Each list-column can be flattened with tidyr::unnest() for custom downstream work, or pulled out with one of the grab_*() helpers used above.

Code
# Flatten .outcome into a wide table: one row per (unit, year).
# The actual cigarette-sales column is named after each unit, so we
# select metadata + California's series for a clean preview.
prop99_syn |>
  tidyr::unnest(cols = c(.outcome)) |>
  select(.id, .placebo, .type, time_unit, California) |>
  head(8) |>
  gt_pretty(decimals = 2)
Table 5.5: Unnested .outcome (first 8 rows).
.id .placebo .type time_unit California
California 0 treated 1,970 123
California 0 treated 1,971 121
California 0 treated 1,972 123.5
California 0 treated 1,973 124.4
California 0 treated 1,974 126.7
California 0 treated 1,975 127.1
California 0 treated 1,976 128
California 0 treated 1,977 126.4

For the tidy observed-vs-synthetic table (which is what most analyses want), the dedicated helper is more convenient:

Code
grab_synthetic_control(prop99_syn) |>
  head(8) |>
  gt_pretty(decimals = 2)
Table 5.6: grab_synthetic_control() — observed vs synthetic (first 8 rows).
time_unit real_y synth_y
1,970 123 116.79
1,971 121 118.66
1,972 123.5 124.09
1,973 124.4 125.23
1,974 126.7 126.83
1,975 127.1 126.99
1,976 128 127.73
1,977 126.4 125.59

This is the whole point of the nested-tibble design: every step of the optimisation is introspectable from R, with no need to dig into S4 slots or attr() blobs.

5.13 Recap

Question Answer
What does Synthetic Control estimate?
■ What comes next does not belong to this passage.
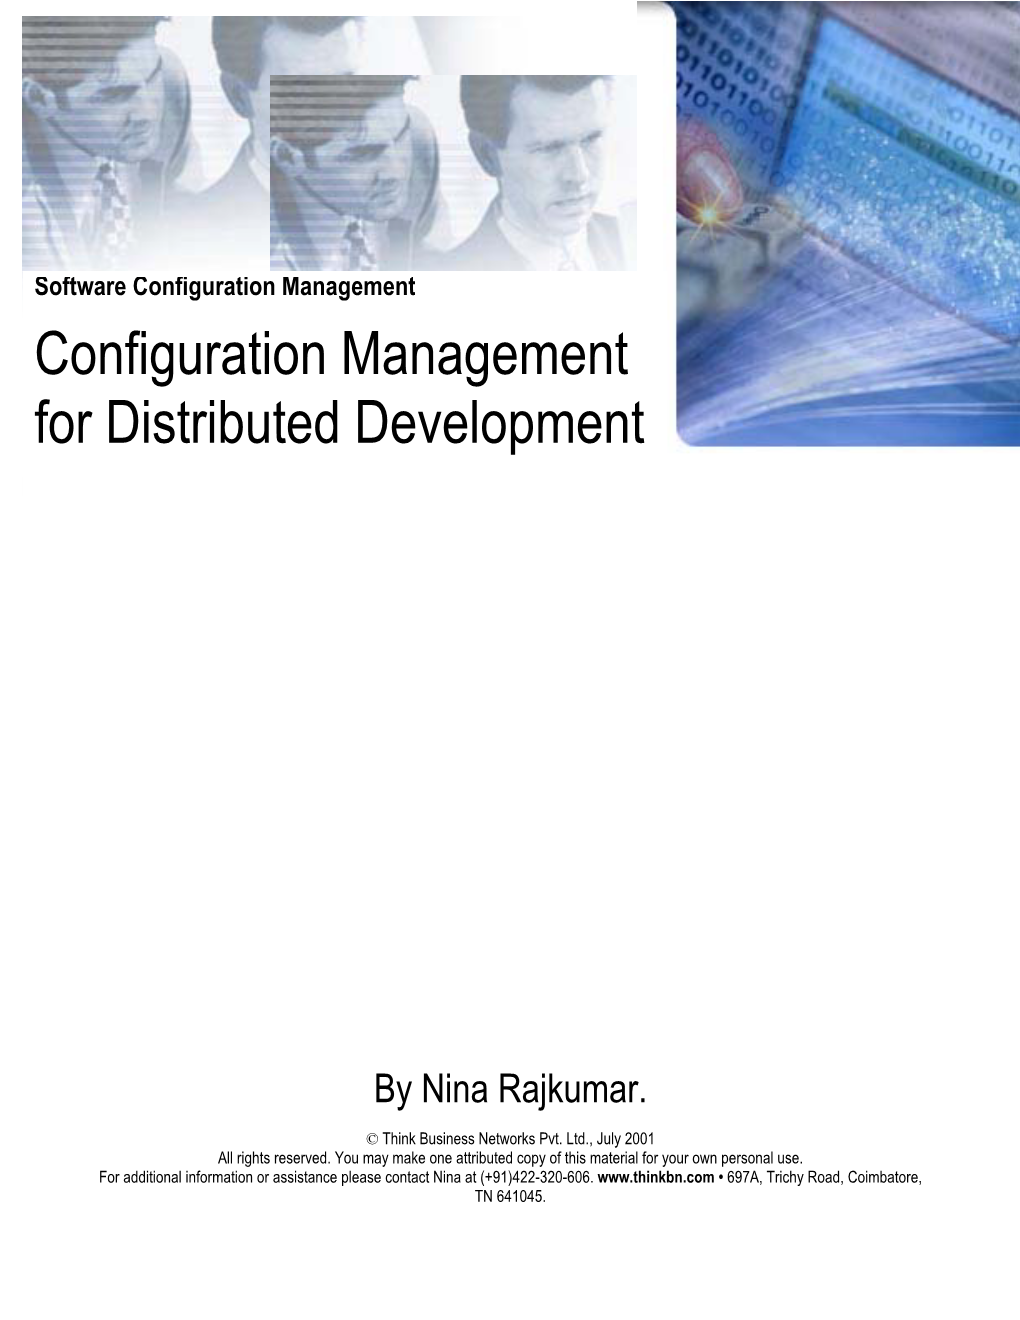 Configuration Management for Distributed Development

The ATT on California, 1989–2000
What is the point estimate? \(-18.85\) packs/capita per year
What is “synthetic California”? A convex combination of five Western/sunbelt states (Utah, Nevada, Montana, Colorado, Connecticut)
What predictors did the matching? Mostly two lagged outcomes — cigsale_1975 and cigsale_1980
How is the matching quality? Excellent — synthetic and observed California are near-identical through 1988
What is the inference statistic? Fisher exact \(p \approx 0.026\) (California ranks 1st out of 39 on the MSPE ratio)
What is the design-time pitfall? Don’t read the V matrix as a list of causal drivers — it is a list of good pre-period predictors

Synthetic Control is the book’s headline causal estimate, and the placebo / MSPE-ratio diagnostics both confirm that California’s post-1989 trajectory is unusual relative to what other states experienced in the same window. In chapter 6 we hand the same donor information to a Bayesian model and ask whether a credible interval (a direct probability statement about the effect) tells the same story.

5.14 Further reading

  • Abadie et al. (2010) — the original synthetic-control treatment of Proposition 99.
  • Abadie (2021) — methodological feasibility, data requirements, and assumptions in a JEL review.
  • Dunford (2024) — documentation for the tidysynth package used here.